For the last time: the Community Reinvestment Act DID NOT FORCE BANKS TO LEND TO UNWORTHY BORROWERS. It did not force banks to open branches in bad neighborhoods or rescue “burned out” communities. It did not actually force banks to do anything at all, as a matter of fact. All the act did was specify that if you wanted to get FDIC insurance, you had to actually lend to the people whose deposits you held. And this was not mandated by quotas or numerical targets. There was no specific mechanism for this at all. The act just forced banks to be subject to periodic reviews by the banks’ primary regulator, whoever that happened to be — the Fed, the OCC, the FDIC, and the state banking institutions. These regulators were supposed to look at the banks’ lending history and make sure that they weren’t refusing to lend to their own depositors, a practice that was common in ghetto bank branches through the seventies.
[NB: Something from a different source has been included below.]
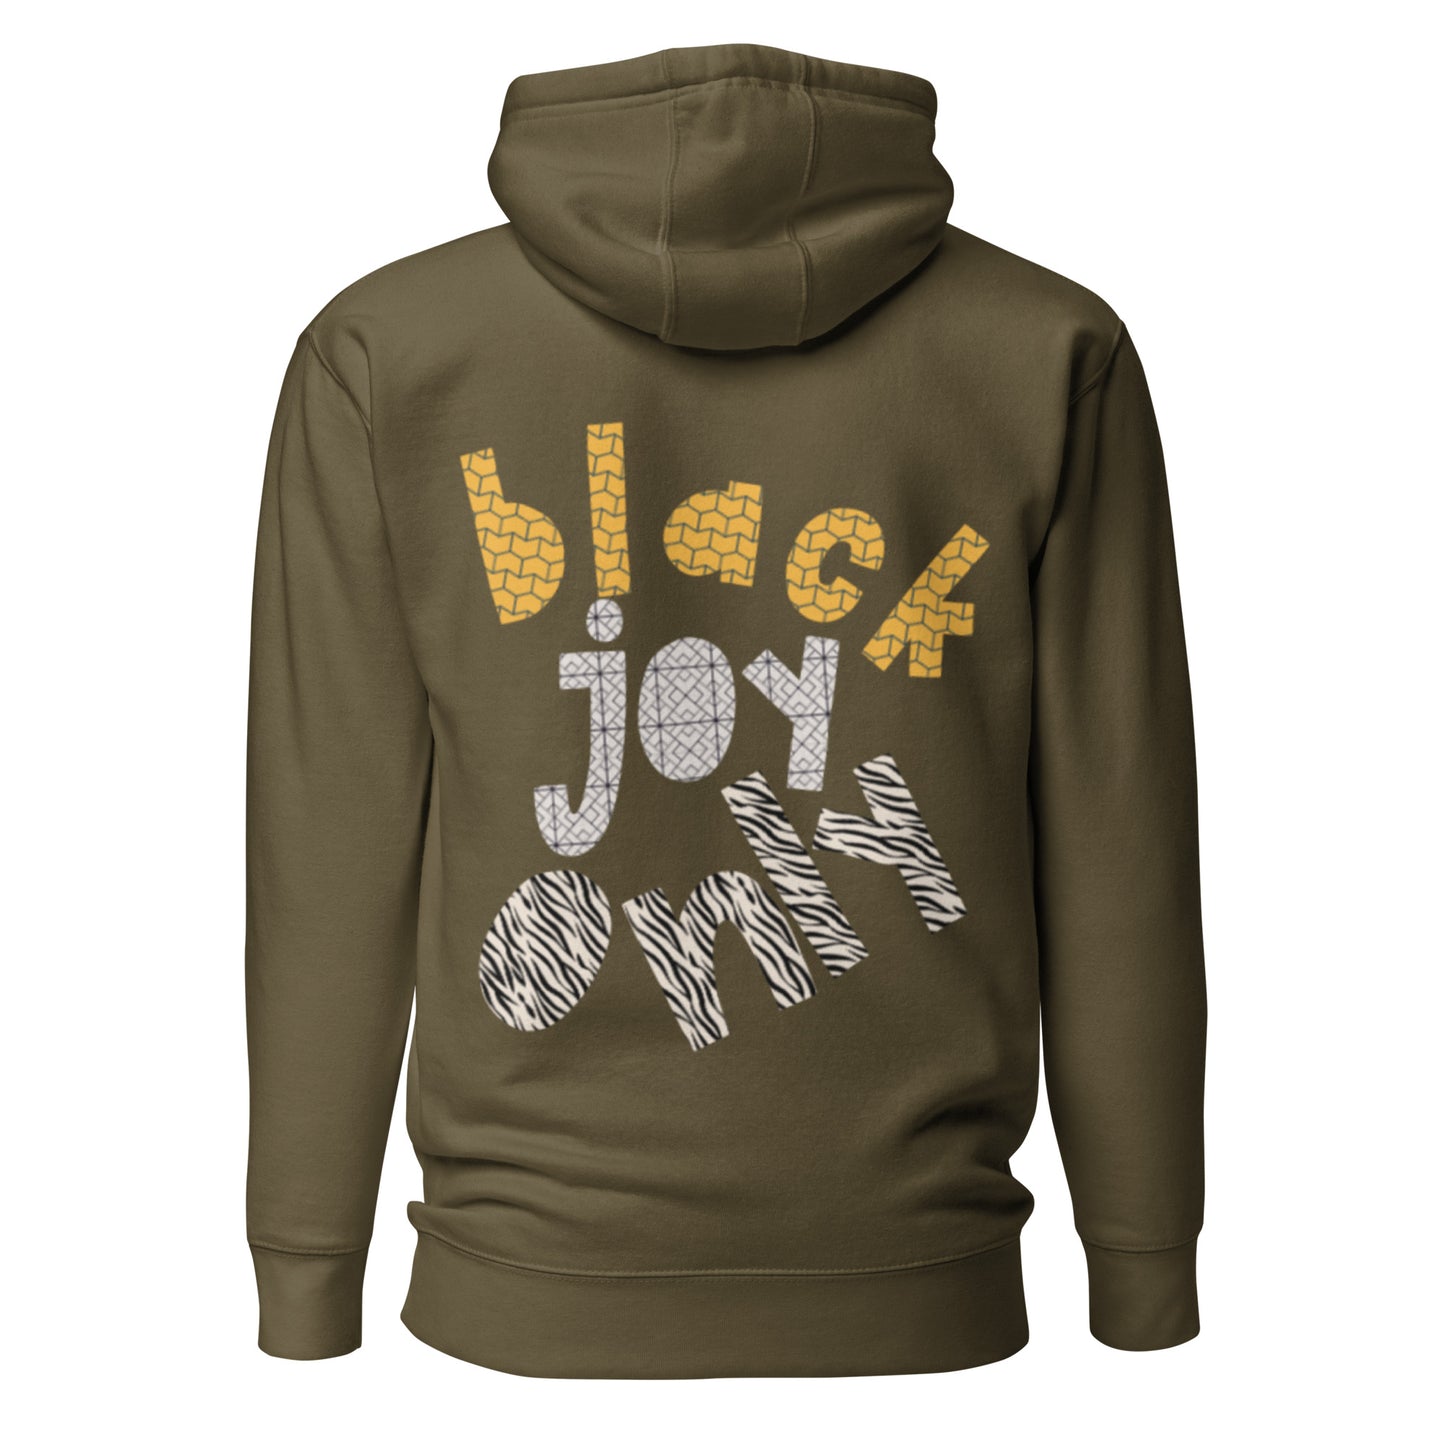 Black Joy in the Bay [Serves as Deposit*]

Since we have all seen how completely and totally ineffectual the banking regulators have been in the last fifteen years in enforcing even the most basic criminal statutes, it again strains the imagination to conceive of the mind that would believe that somehow all these different ineffectual regulators ignored all other laws for decades but chose to hammer the banks with the CRA, forcing them all to give out loans to poor black people.
It’s not true and it’s absurd. The CRA, again, did not force anyone to make any kind of loan. I’m going to quote from the Federal Reserve’s own description of the law:
“Nor does the law require institutions to make high-risk loans that jeopardize their safety. To the contrary, the law makes it clear that an institution’s CRA activities should be undertaken in a safe and sound manner.”
This crisis had nothing to do with the CRA and everything to do with the collapse of mortgage underwriting standards, coupled with advances in the technology of securitization, which allowed banks to lend to unworthy borrowers and then sell off these dicey mortgages to secondary buyers. The driving forces in this crisis were bonuses for mortgage brokers and appraisers, underwriting fees for the securitizing firms, and commissions for the institutional fixed-income fund managers who bought this stuff from the investment banks. It was a purely market-driven process and had absolutely nothing to do with government-mandated social engineering.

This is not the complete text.